Under both 2003 Stock Option Plans, the option exercise price may not be less than 100% of the fair market value per share on the date of grant. Stock options are exercisable within ten years from the date of the grant of the option. The schedule for vesting of the options granted under both plans is at the discretion of the Board of Directors.
In November 2007, the Board of Directors adopted, subject to shareholder approval, the 2007 Equity Incentive Plan (the “2007 Plan”), which provides for the issuance of both qualified and nonqualified stock options and restricted shares to directors, employees and consultants of the Company.

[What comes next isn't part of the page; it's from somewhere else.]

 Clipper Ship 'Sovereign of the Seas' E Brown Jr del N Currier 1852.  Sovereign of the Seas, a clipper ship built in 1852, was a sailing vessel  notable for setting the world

Up to 3,000,000 shares of the Company’s authorized but unissued common stock are available for issuance under the 2007 Plan. On December 17, 2007, the Company issued 750,000 stock options under the 2007 Plan to directors and officers, subject to shareholder approval. The 2007 Plan was approved by the shareholders on May 22, 2008. The options are treated as having been issued immediately following stockholder approval of this Plan.

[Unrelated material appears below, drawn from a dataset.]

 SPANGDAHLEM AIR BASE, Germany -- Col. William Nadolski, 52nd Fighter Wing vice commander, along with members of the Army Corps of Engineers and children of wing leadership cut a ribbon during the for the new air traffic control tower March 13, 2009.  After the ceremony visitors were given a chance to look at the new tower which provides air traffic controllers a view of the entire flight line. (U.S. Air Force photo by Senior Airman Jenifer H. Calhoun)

The Company has a policy of re-pricing stock options when the market price of the stock is $1.00 below the exercise price of the outstanding option. The newly issued option has the same vesting schedule and expiration date as the option that is cancelled. During 2007, the Company cancelled and reissued 1,670,000 stock options held by 12 employees, including officers and directors. During 2008, the Company cancelled and reissued 2,036,000 stock options held by 20 employees. As a result of those actions, the Company recognized additional compensation expense of $523,654 for the nine months ended September 30, 2008 and $462,527 for the year ended December 31, 2007.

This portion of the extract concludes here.